At one point He says to them, "I will not leave you orphans..."

Wow.

It struck me that that is exactly how CI sometimes makes me feel.  Like an orphan. But no matter how overwhelming it feels, Jesus said He would not leave me an orphan.  He would send the Comforter -He promised.

Some days I cling to that.

Then in His prayer for us, He said He hadn't lost one of the ones His Father had entrusted to Him, except the son of perdition (Judas).  How many times did He protect them from unseen dangers and attacks, as they blissfully argued about who would be the greatest?  How many times did satan try to discourage them or destroy their faith?  How many times has He protected us?

And then lastly - and this one brought tears to my eyes - there was the matter of Mary Magdalen at the tomb. (I seem to be on a Mary kick lately)

I've read it so many times before, but this time I was there - I could feel her agony.

She was so anxious to to get to Him she came, John tells us, while it was still night!  Can you see her, hurrying through the darkness in the chill of the early Spring, running to get to the One Who had cast seven demons  - seven! - from her body?  See her as she wept broken-hearted, stricken to the core with grief, appalled and horrified that some creep would actually steal the body of Jesus?

She knew how much the Pharisees and Sadducees hated Jesus, could only imagine the disrespect with which His body would be treated. Or perhaps the rich folks were upset because Jesus was buried in their graveyard - they didn't want the notoriety, the scandal.

She'd come that morning to undo His hastily prepared body - Nicodemus and Joseph of Arimethea had been in such a hurry to get it done before the Sabbath began at sundown and perhaps had been sloppy (men!) She wanted His body properly prepared - washed well, the spices tenderly twined and wrapped, His body respectfully entombed with honor and reverence.

How absolutely horrifying to find the stone rolled back, the tomb empty!

She ran to the apostles and told them, then ran back, following them to the tomb.  Peter and John looked in, one after the other, looked at each other - and left!

Where did they go?  Why didn't they tell her what to do?

So she bent down to look into the tomb - and two men, sitting one at the head and one at the feet where Jesus had lain said, "Woman, why are you crying?"

Sobbing, she answered, "Because they have taken away my Lord, and I don't know where to find Him."

Disconsolate, sobbing, confused, her stomach churning, her heart breaking, perhaps she was wondering if the demons would come back now that Jesus was dead.

Blinded by tears, she saw what she thought was the gardener.

He spoke to her, so gently, "Woman, why are you weeping?"

"Oh please," she sobbed, "If you've taken Him, just tell me where and I'll go get Him!" (translation liberties mine) "You don't have to do anything!  Please, please just tell me..."

And then her frantic sobbing and despair were banished by a single, tender, gentle word:

"Mary."

She knew that voice.  She knew it!

It was HIM!  And He was alive!

Sobbing now out of joy and wonder, she fell at His feet and did the only thing an unrelated female could do in that day and culture - she grabbed His feet - His precious, broken, nail-scarred feet.

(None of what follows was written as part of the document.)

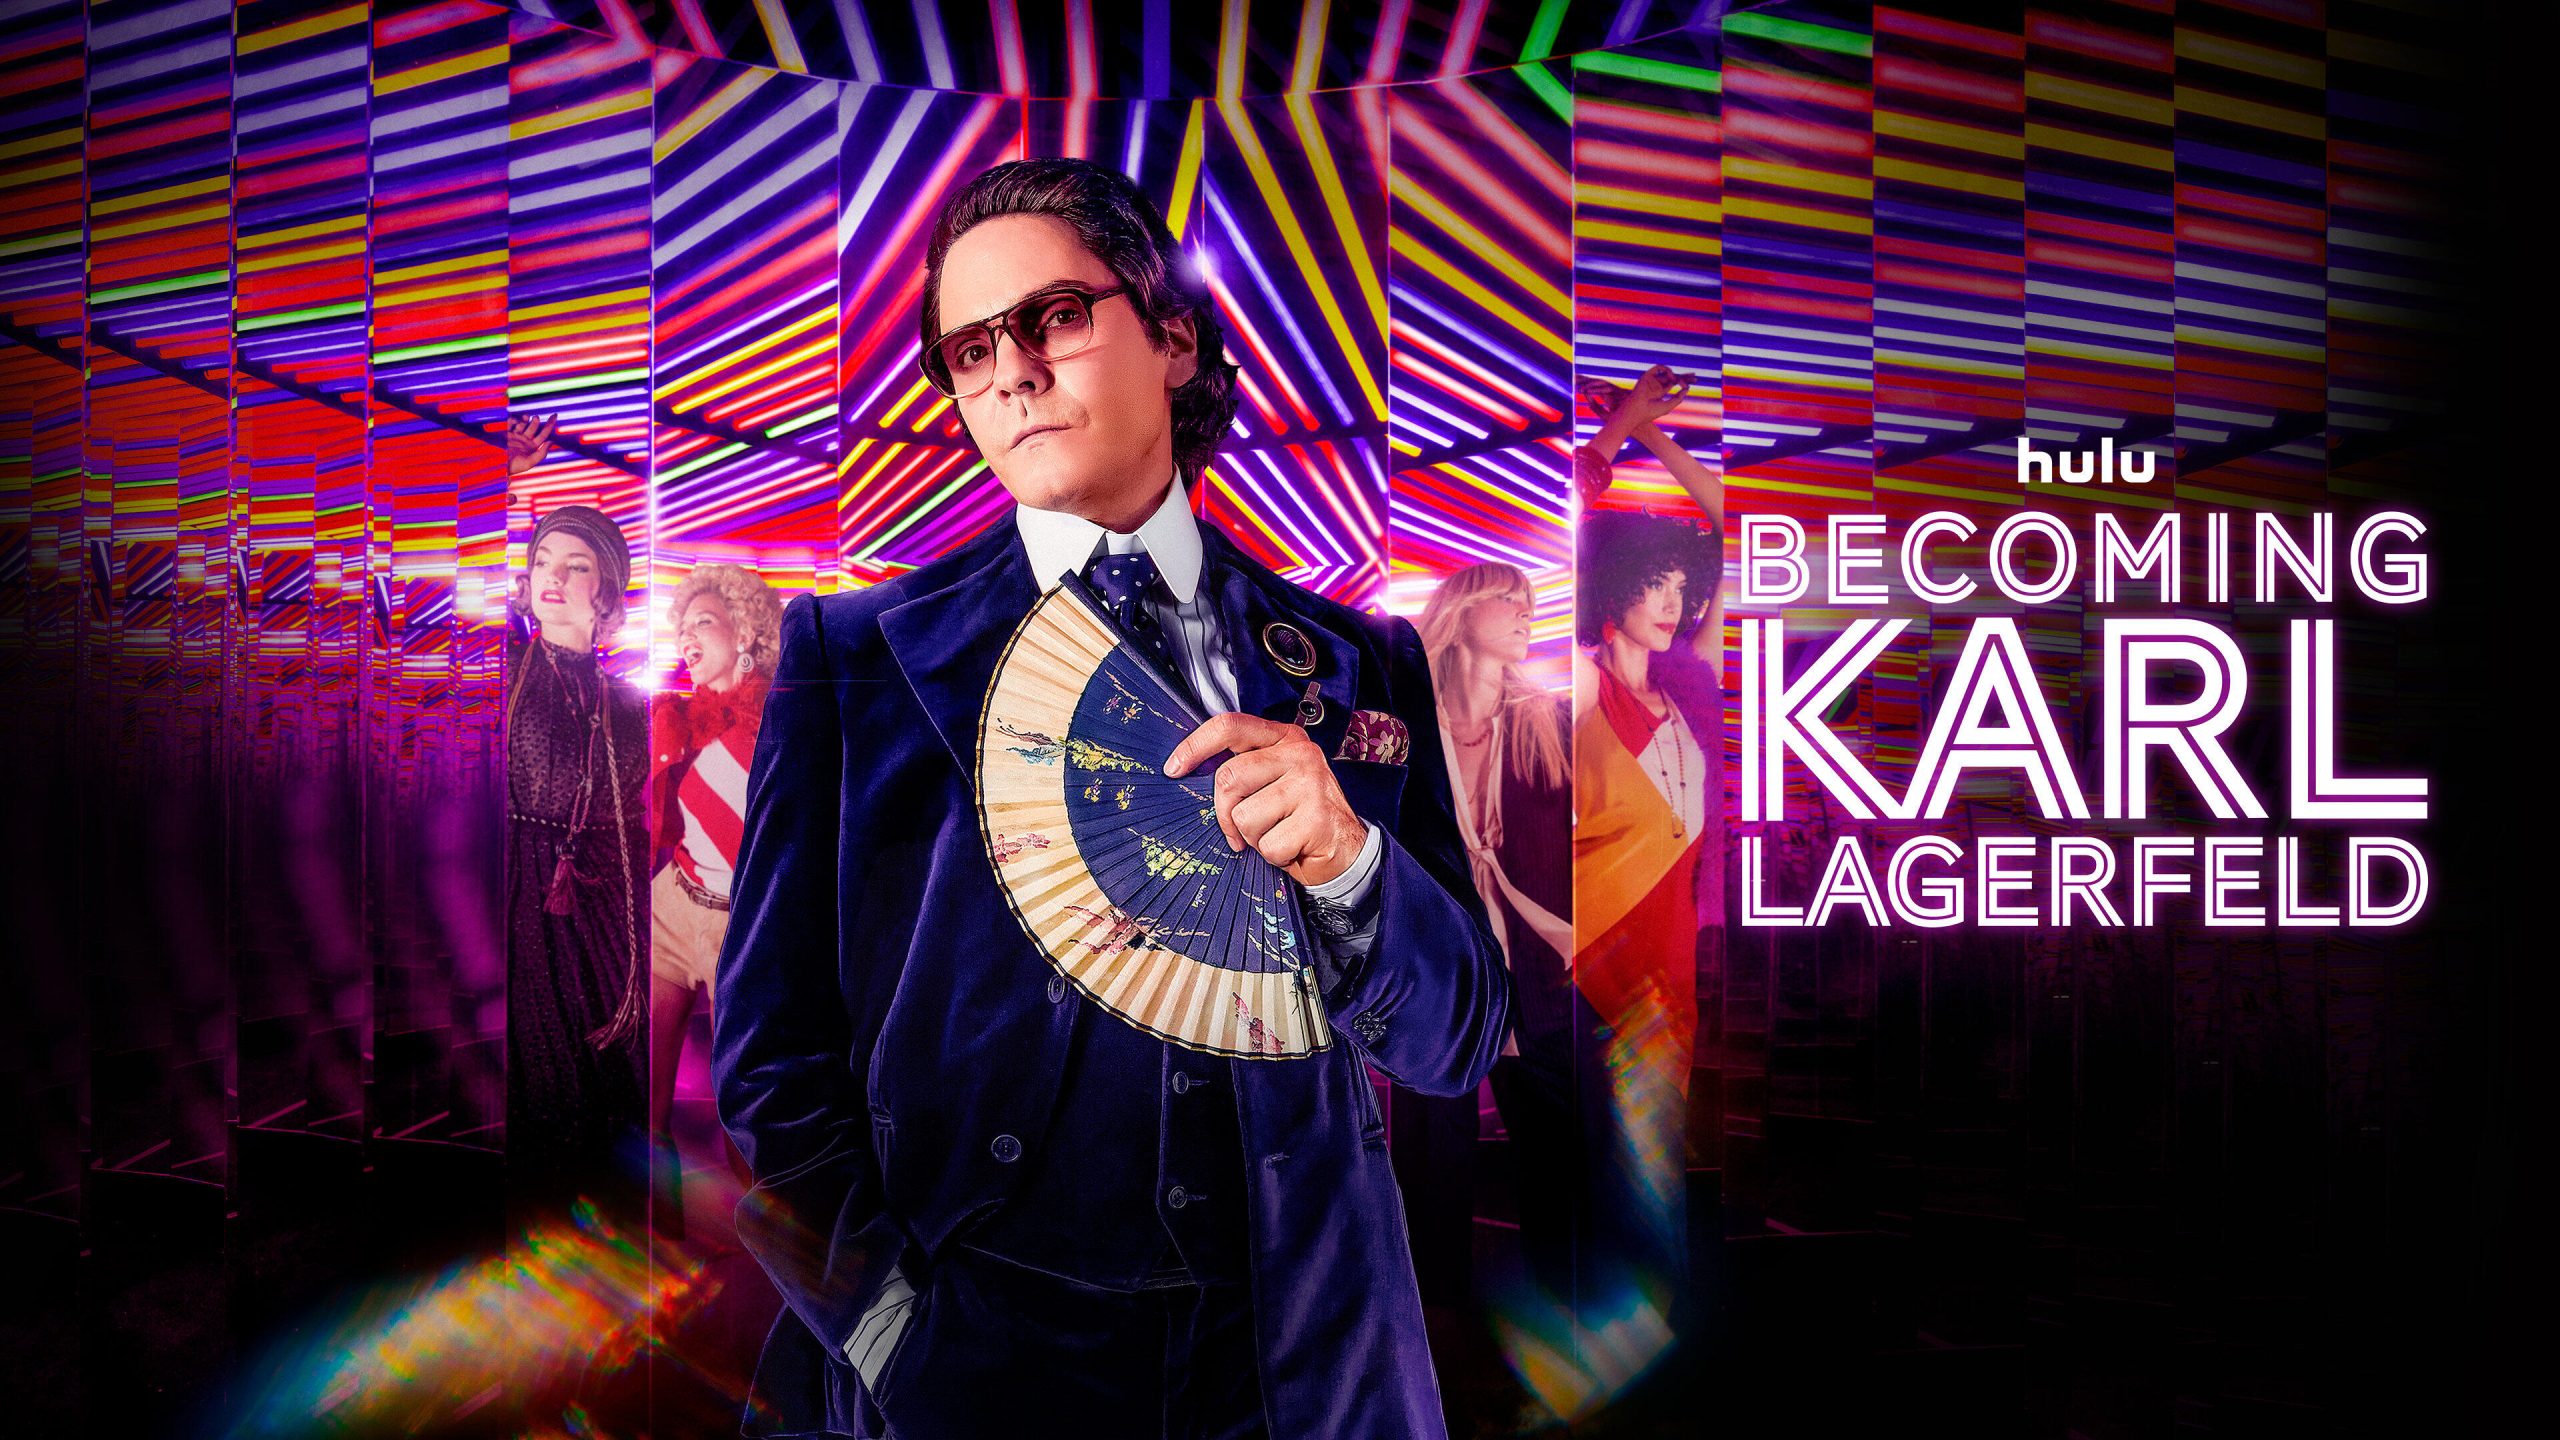 Becoming Karl Lagerfeld -- Season 1 -- In 1972, Karl Lagerfeld (Daniel Brühl) is 38 and not yet wearing his iconic hairstyle. He is a ready-to-wear designer, unknown to the general public. While he meets and falls in love with the sultry Jacques de Bascher (Théodore Pellerin), an ambitious and troubling young dandy, the most mysterious of fashion designers dares to take on his friend (and rival) Yves Saint Laurent (Arnaud Valois), a genius of haute couture backed by the redoubtable businessman Pierre Bergé (Alex Lutz).  "Becoming Karl Lagerfeld" plunges us into the heart of the 70s, in Paris, Monaco and Rome, to follow the formidable blossoming of this complex and iconic personality of Parisian couture, already driven by the ambition to become the Emperor of fashion.(Courtesy of Disney)

Her grip must have fierce - and I believe there was a hint of a chuckle in His voice when He said, "Don't cling to me, Mary - I haven't been to My Father yet!  I'll be back."

And that very line - with my translation liberties and emphasis included - really hit me today.

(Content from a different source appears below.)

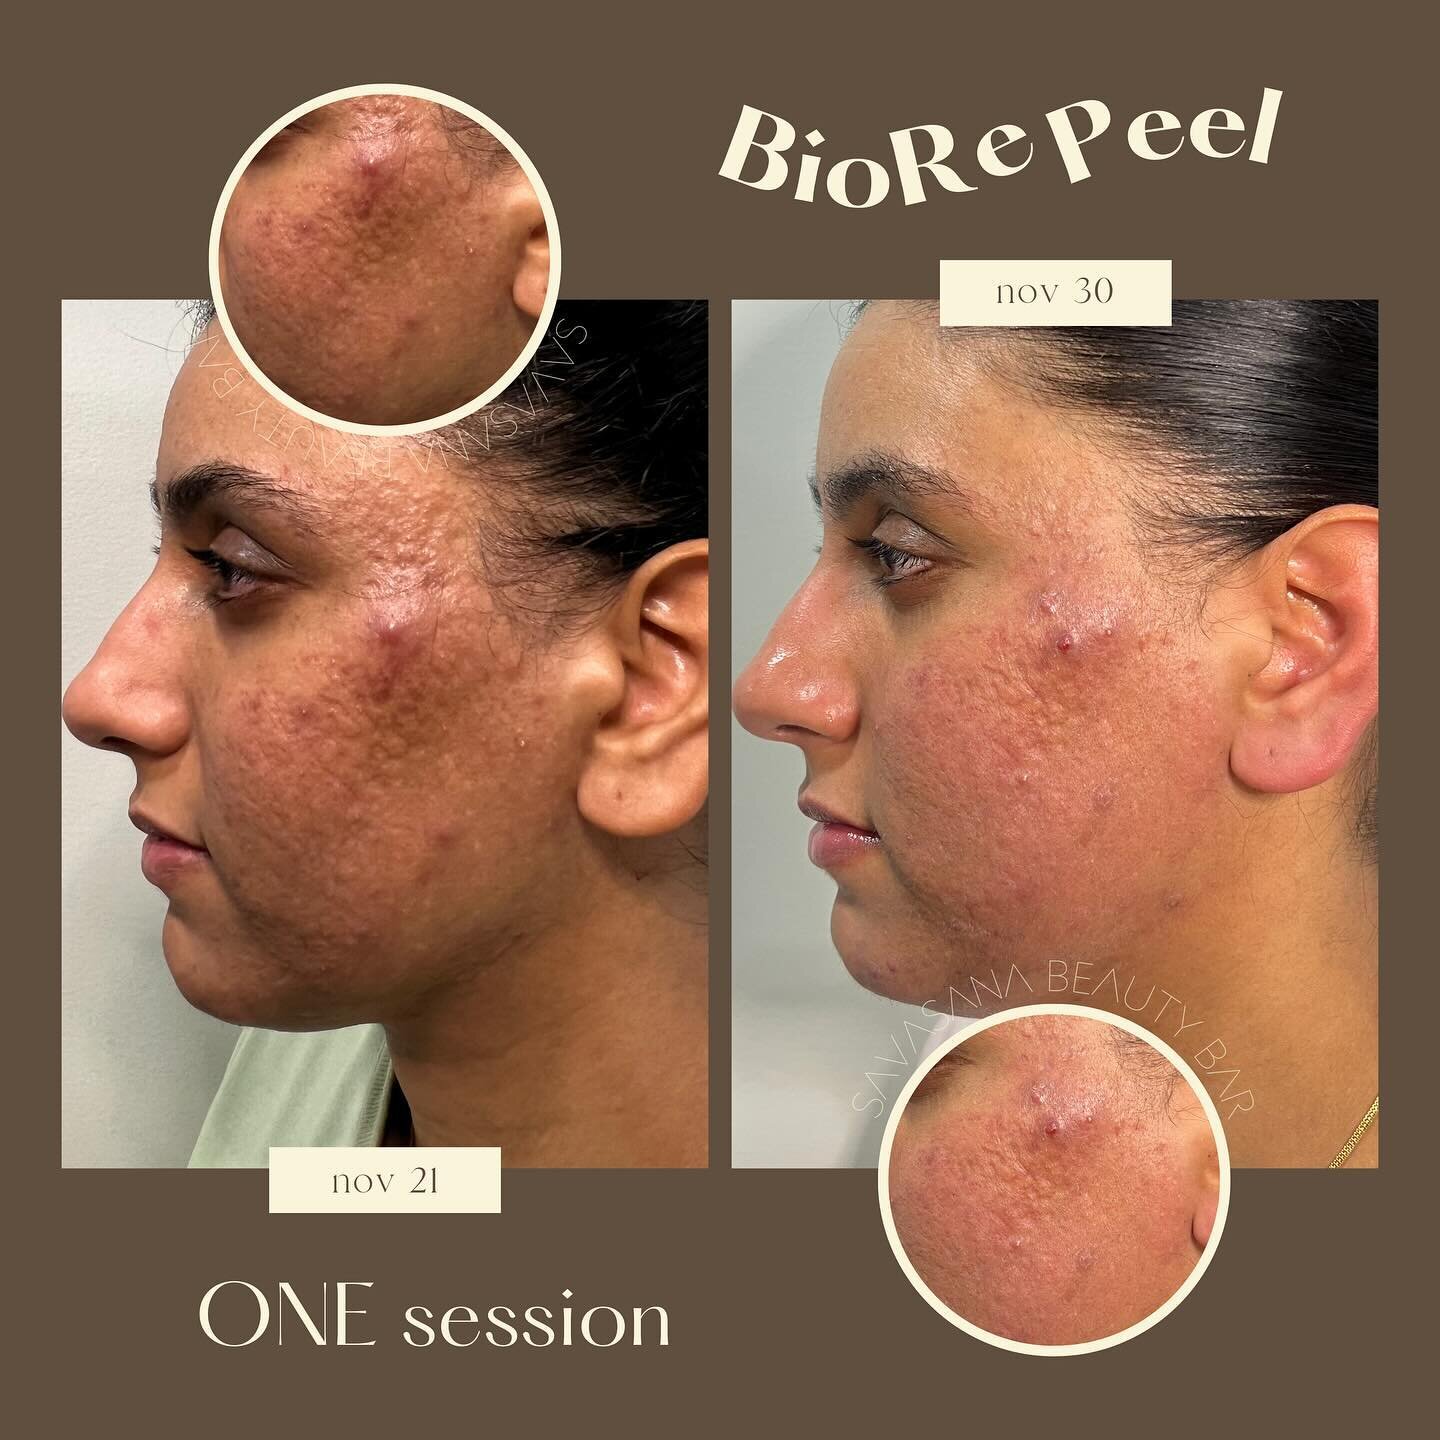 can we just take a second to SCREAM about these results?! 😱✨ jaw-dropping glow-up after just ONE BioRepeel session, spaced ten days apart! 🌟 patiently waiting to see the results after her 4-6 sessions, completed just a few weeks from now. 

how did

Mary - not the apostles, not even His own mother, was the first person Jesus appeared to that Resurrection Day.  He hadn't even been to His Father yet!  Imagine it!

He loved Mary with such a great, overwhelming tenderness that He wouldn't let her hopeless grief continue a moment longer - or her fears that the demons would come back, or her horror that someone would desecrate His tomb, His body.

And He loves us with that same great, overwhelming tenderness.

He doesn't want us, either, overwhelmed by grief, or fear, or despair.

Being CI didn't happen to us by accident, dear one. And sometimes, yes, it is heartbreaking, and grief-provoking, and fearful and devastating.

But into that darkness, He speaks our names, too - tenderly, never leaving us orphans, or unprotected, or Comfortless.

Like the stars, He calls us each by name.

And all we need to do, really, is listen.